An ethnic-based conflict between Addis Ababa University (AAU) students following derogatory graffiti posted on toilet-walls and library walls has left half a dozen students with severe injuries while others had faced arrest. For decades, the clash between students at universities has witnessed many ethnic-based conflicts which many observers claim it to be the weakness of the administering body. Likewise, the Wednesday [January 2] conflict was particularly between those from the ethnic lines of Oromo and Tigre. Reports indicate that the conflict was instigated when member (sic) of the latter ethnic group scrawled derogatory remarks on the walls of toilets and the library and in his own dormitory as well.”

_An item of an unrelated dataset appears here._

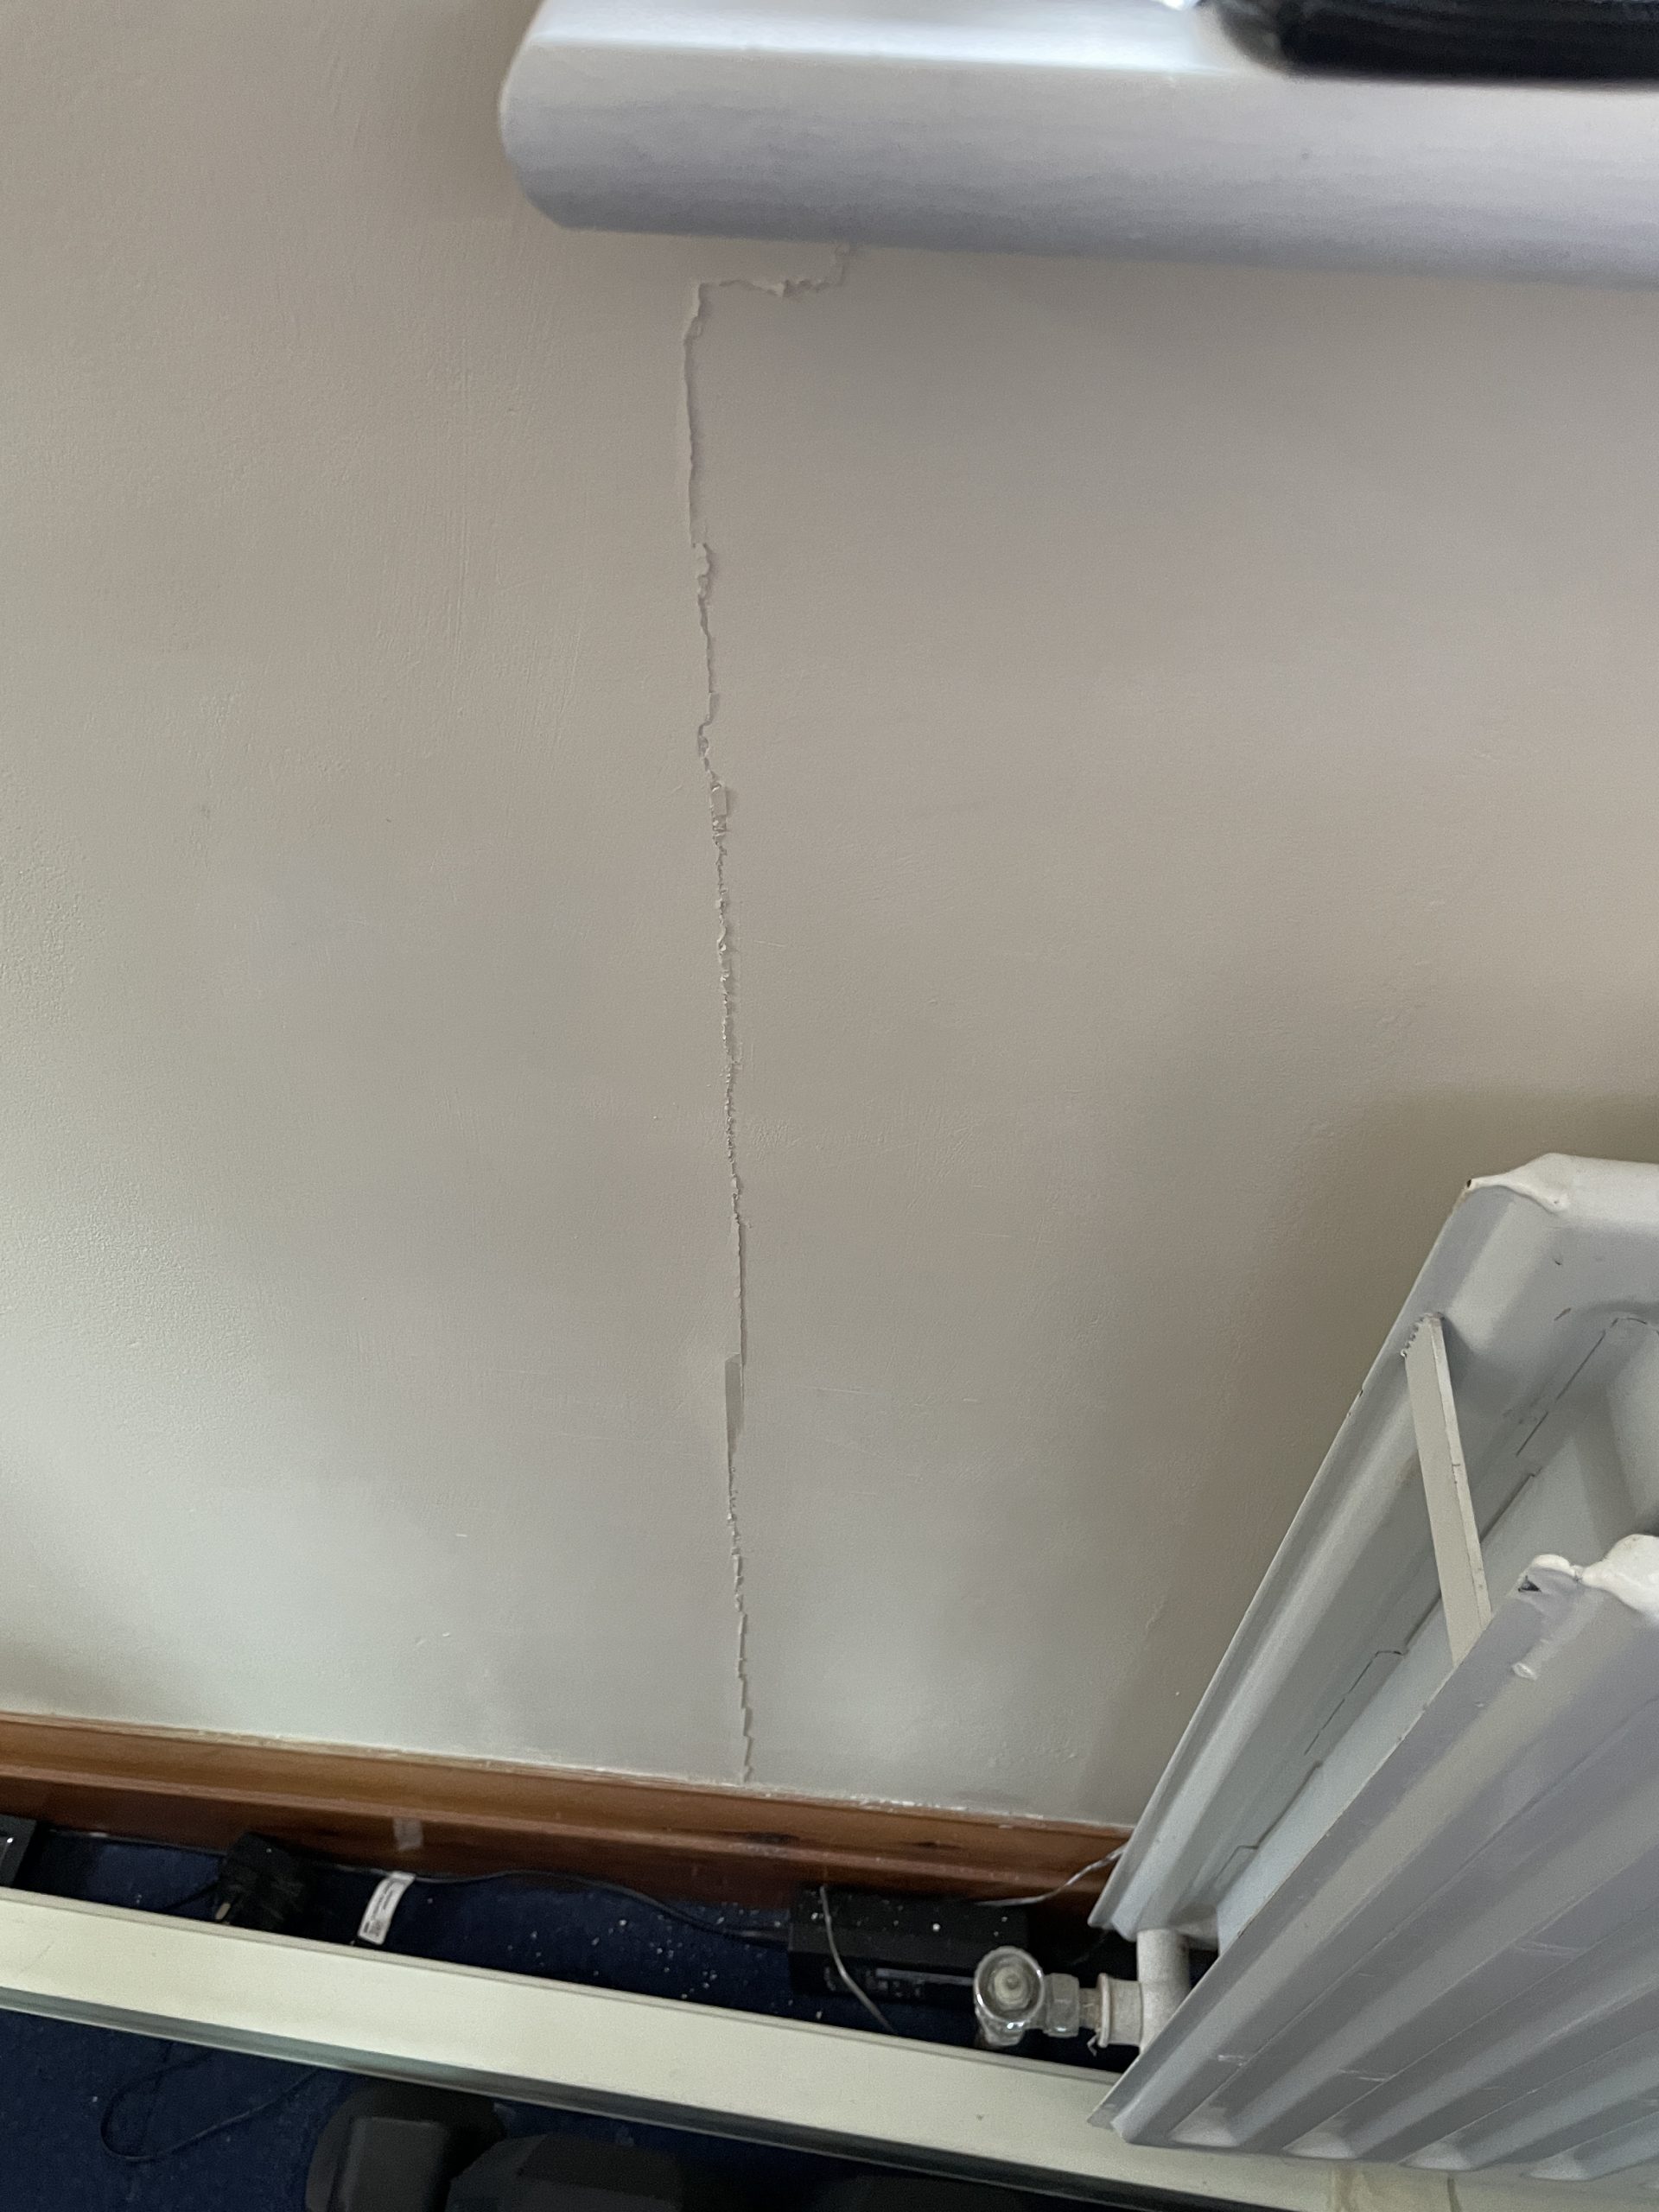 Cracks in a house in Harrow

An official of Addis Ababa University alleged the “conflict was instigated by students who found derogatory statements posted on the wall”. Some 20 students were reportedly injured in the incident and three hospitalized including two who underwent surgery. Police reportedly arrested 20 students on unspecified charges.

My initial reaction reading this report about Ethiopia’s “best and brightest” was sheer disbelief.  “This just can’t be true. It is beneath the dignity of Ethiopia’s Cheetah Generation (young people) to engage in such a cowardly and dastardly act. Ethiopia’s university students know better than to wrestle in the filth and sewage of ethnic politics.” I kept on reassuring myself that such wicked hatemongering could not possibly  be the work of Ethiopia’s budding intellectuals, future scholars, scientists and literary men and women.

My certitude slowly gave way to gnawing disquietude. I asked myself, “Supposing the inflammatory graffiti and “derogatory statements” were written by bona fide AAU students? What would such a vile, gutless and vulgar act say about these students? About the injured students who reacted with righteous indignation? About the AAU student body? About all Ethiopian university students? About all of Ethiopia’s young people?”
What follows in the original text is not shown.